Want To Play The Carillon? Choices Are Slim, But KU Is One
It was a beautiful Wednesday morning at the University of Kansas and the chimes inside the school's Campanile rang out "Ode to Joy" across the lush campus.
And then they started clanking, an odd off-beat, minor clank. Students passing by looked at each other, a little worried.
"It is broken?" one asked.
No, just student Amanda Schultz, trying to make 53 bells do a blues slide on the carillon.
There are only handful of schools in the country to learn the carillon, a tall organ-like instrument that controls the bells in a bell tower, or campanile.
Most schools have some sort of bell tower on campus, mostly run by computer program or recording every quarter-hour. At KU, the time chimes by computer, but otherwise, it's all hands and feet.
The instrument itself is about 6 feet tall and 6 feet wide, with three sets of broomstick-like pedals that run chest and waist height and across the floor. It's sort of like a piano with more keys and played with fists, not fingers.
Elizabeth Berghout is an assistant professor of music and has been the main carillon teacher since 2000. She takes six students a semester and they each come for an hour-long weekly private lesson up in the bell tower.
There's a practice carillon about 40 steps up, and the real one another four flights more in a soundproof square — where everyone can hear your mistakes.
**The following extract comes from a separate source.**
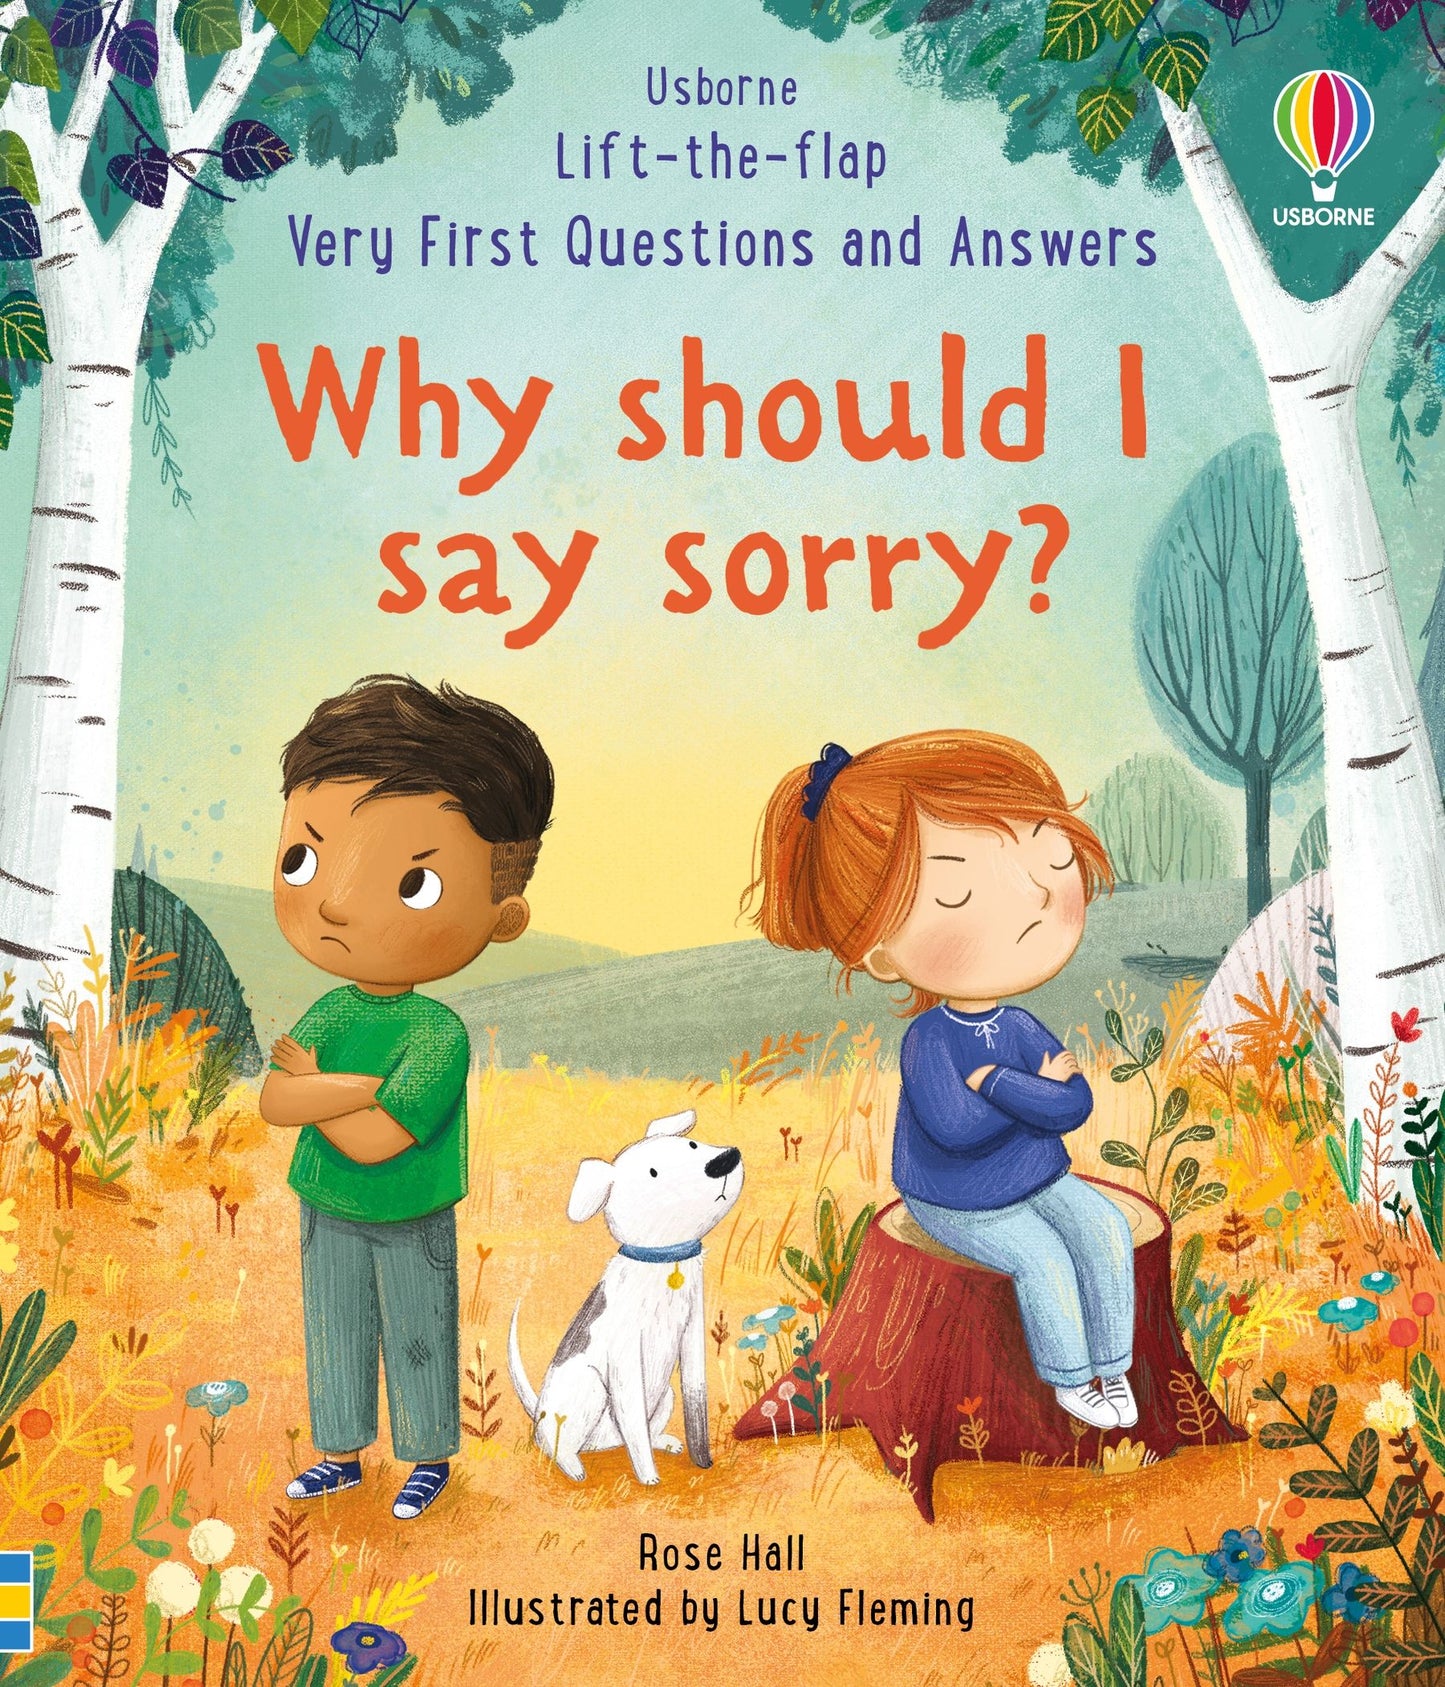 Very First Questions & Answers: Why should I say sorry? 我為什麼要說對不起？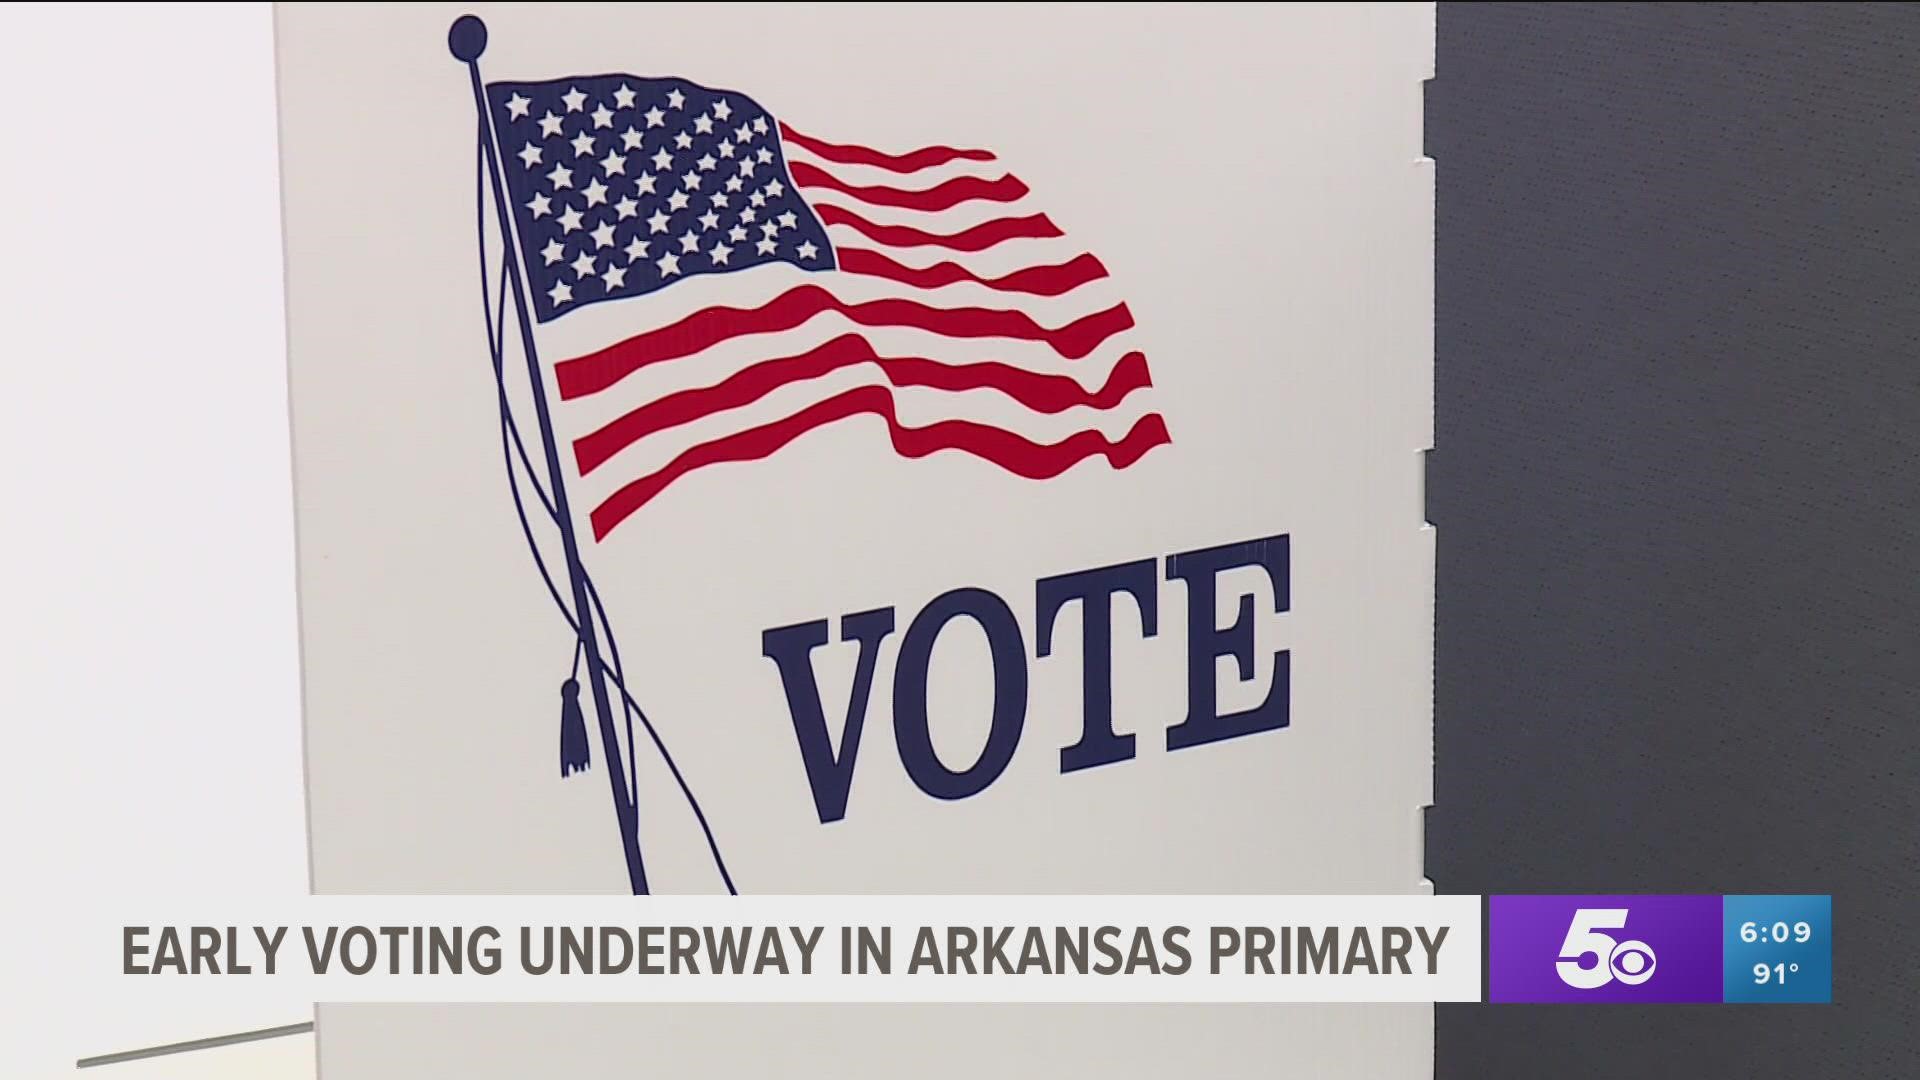 Officials are encouraging voters to cast their ballots in this year's primary elections.

"I love it," Berghout said looking out the windows onto the stadium. "It's almost like a different world. Everyone hears what I play, but sometimes it's easy to forget about that when I'm playing the bells and focusing on the music."
She calls herself the "sound background to campus," playing longer concerts Tuesdays and Thursday afternoons and Sunday evenings.
Mostly it's well-known tunes like the alma mater, "Crimson and Blue," which she'll play this weekend at KU's graduation, as well as biblical tunes (sometimes written by her husband) and seasonal songs.
One year, Berghout teamed up with a school group to have a "Guess That Tune" competition on the bells and she had to learn tunes like "Mmmbop" by Hanson, and "Time After Time," by Cyndi Lauper.
Students tend to choose musicals and popular music. Schultz, 28, is taking a carillon class for fun before starting graduate school next fall. She became interested in playing because she had a friend who took the class, and remembered the chiming from trips to campus when she was little.
Schultz plays a mean "Edelweiss" from The Sound of Music, and is learning a piece from the movie The Firm.
"The other day, I was up here playing "A Whole New World" from Aladdin, and I had the windows up and I could hear people applauding," Schultz said. "So that was fun."
And sometimes, no one knows who is playing.
Several students and alumni mentioned that when it snows, they occasionally hear "What a Wonderful World" ring out softly. Pay attention to the world passing by, it seems to say as students hurry by with books and plans on their mind. Time is fleeting.
Berghout says it's not her at the keyboard.
"Any student or alumni with the key can come and practice when they want," she said. "As long as the bells are open, they can play."
Dawn Fallik is a visiting professor of journalism at the University of Kansas.